→ **STORED DATA**
BEGIN

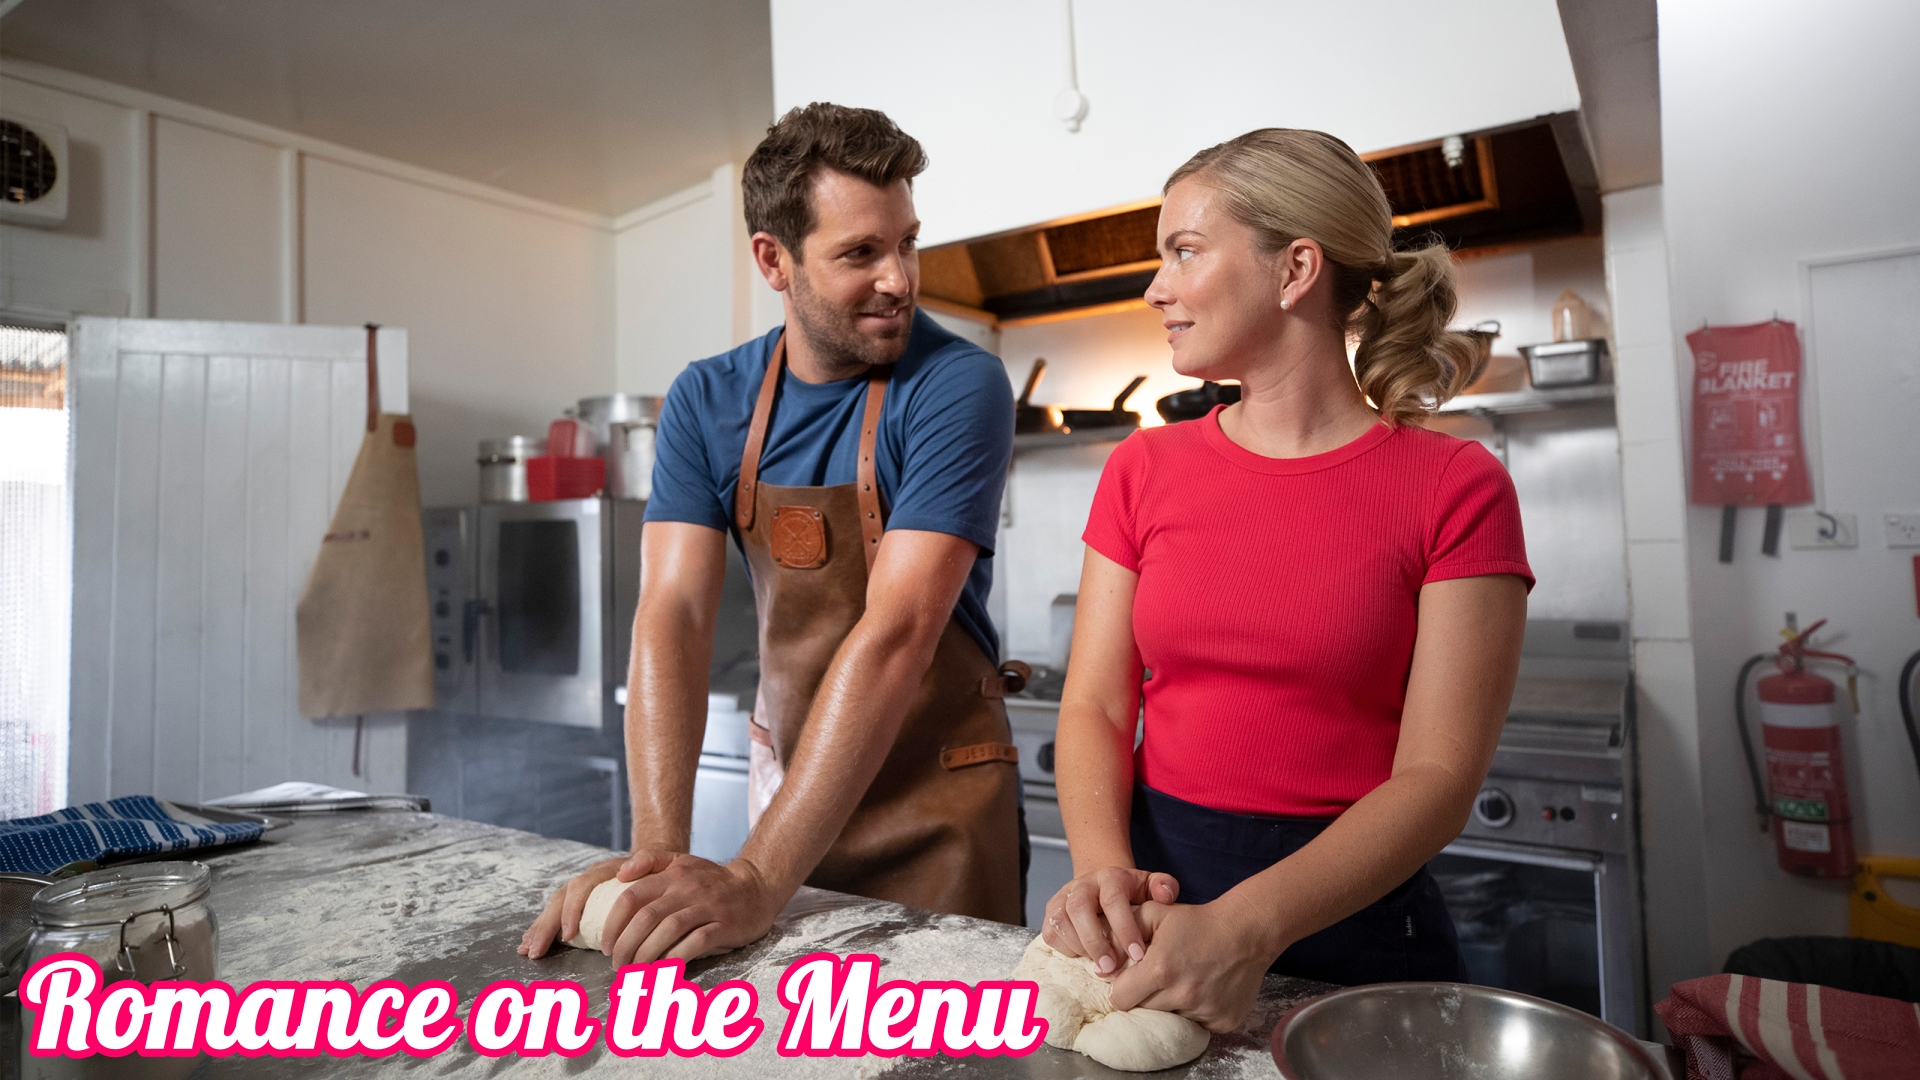 Koken en bakken met Romance on the menu
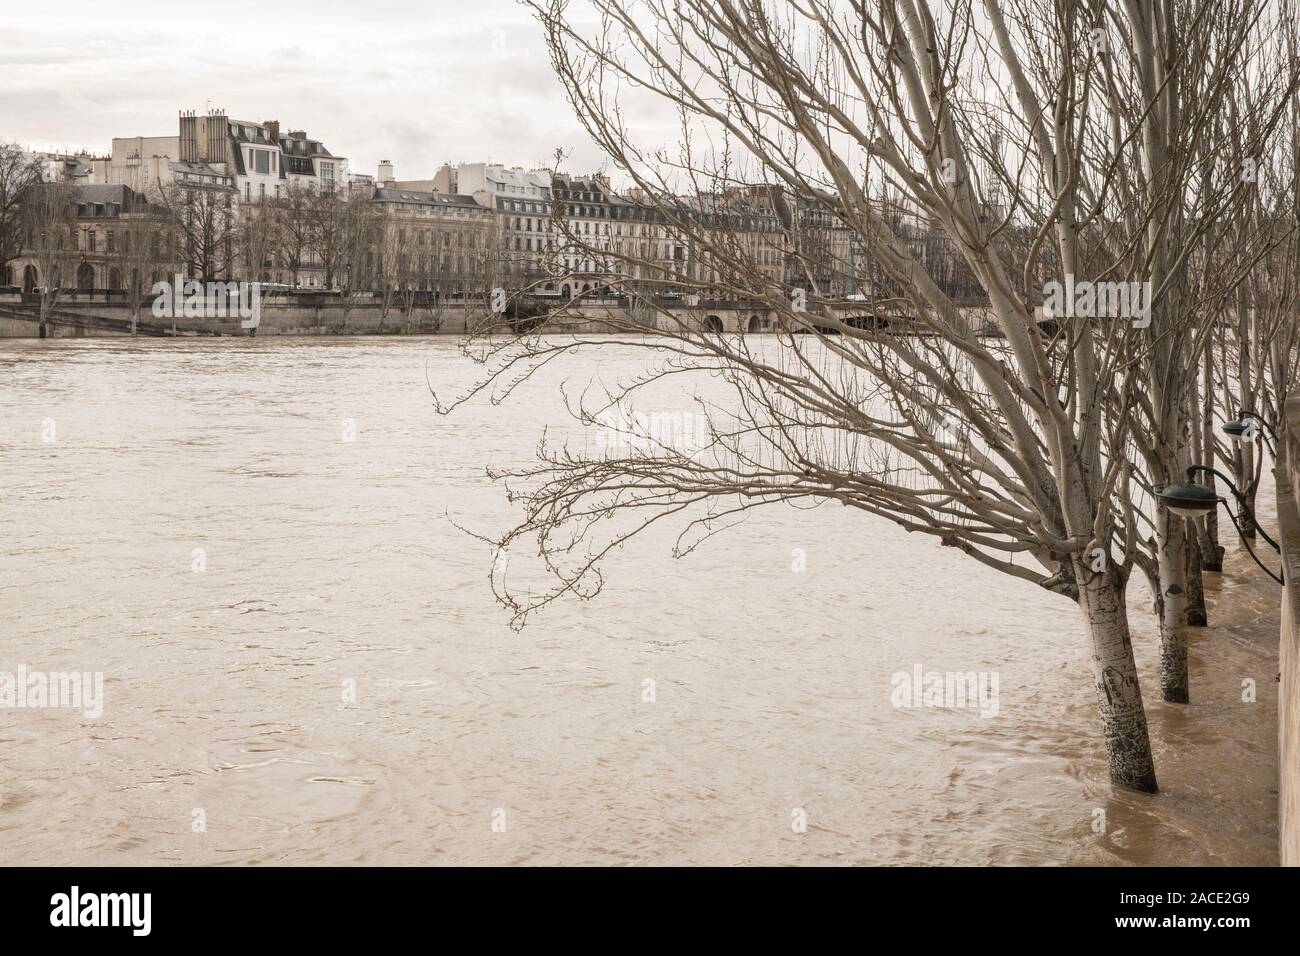 FLOODS IN PARIS Stock Photo
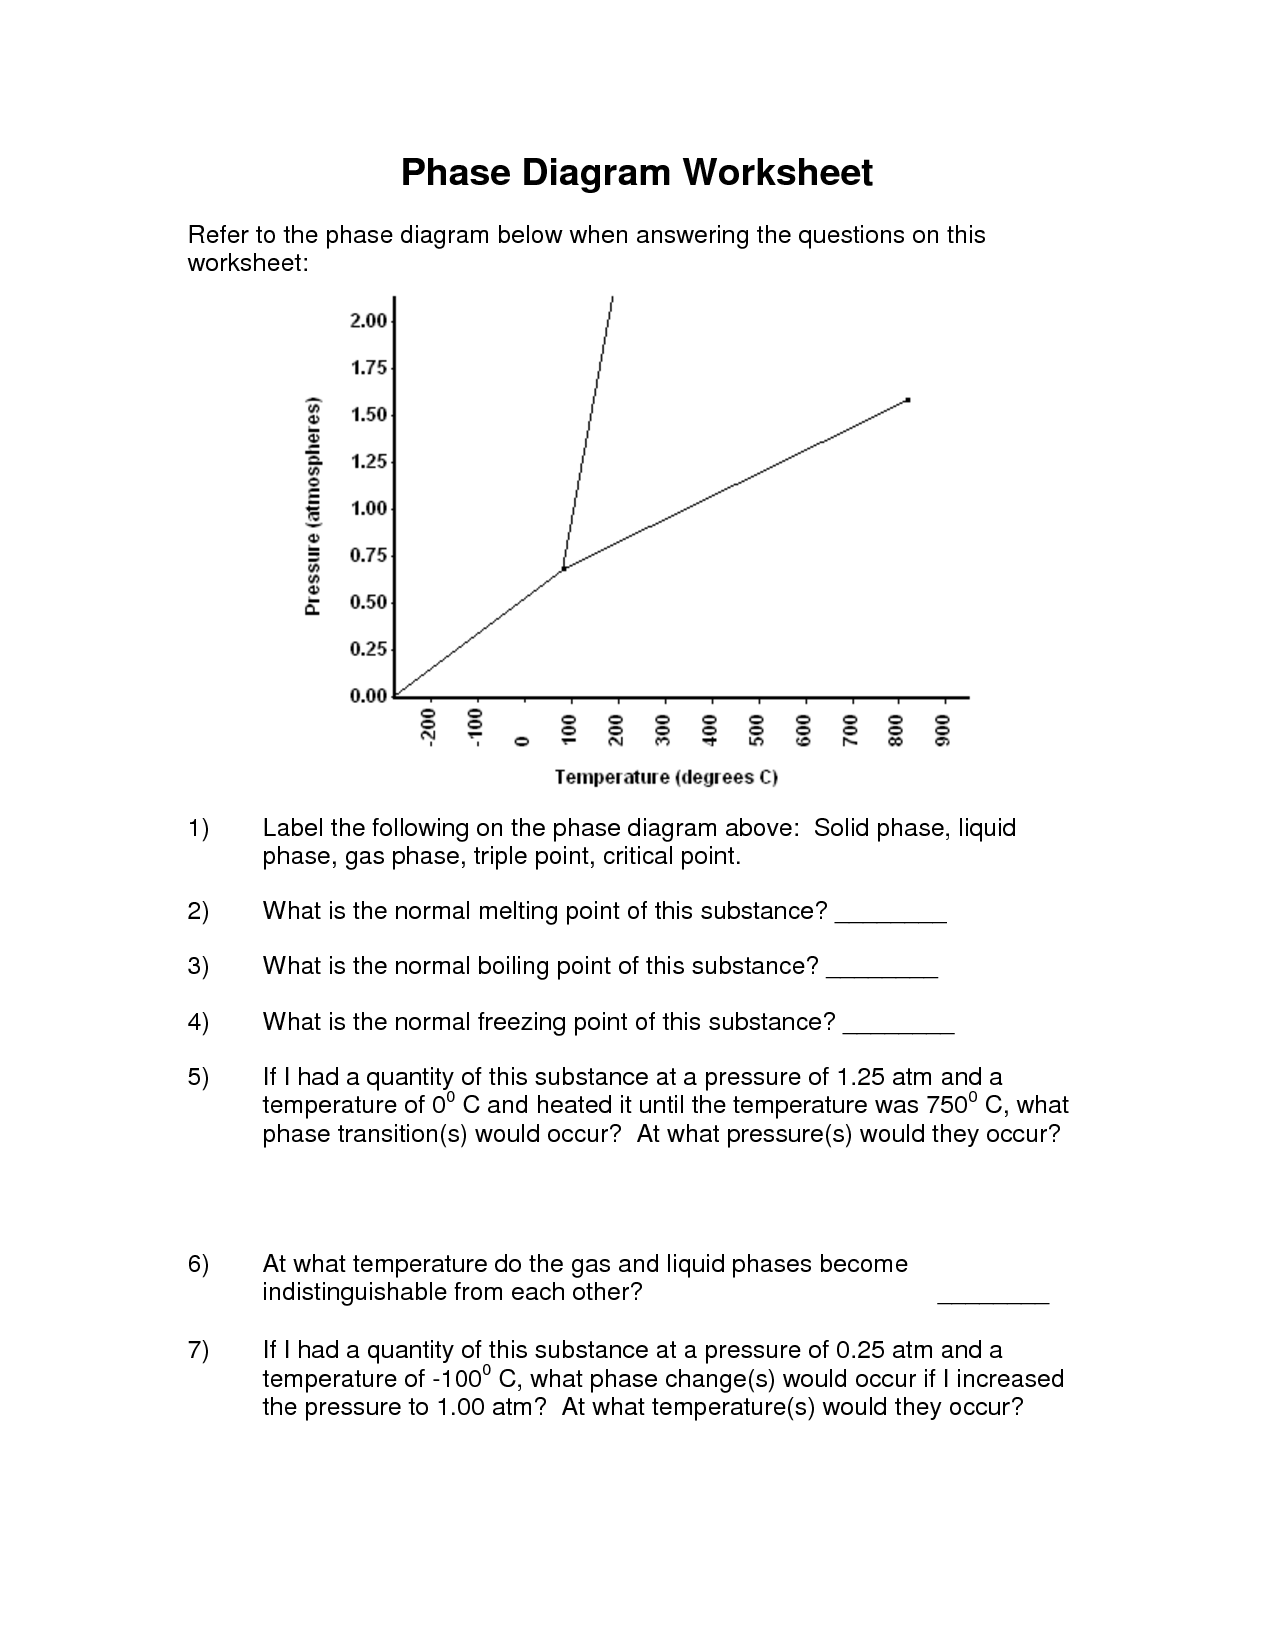 Phase Diagram Worksheet Answer Key Image

END

→ **DIRECTIONS FOR THIS TASK**
I'd like the material above repeated exactly, with the pictures omitted.

→ **RESULT FOR THIS TASK**
 Koken en bakken met Romance on the menu
 FLOODS IN PARIS Stock Photo
 Phase Diagram Worksheet Answer Key Image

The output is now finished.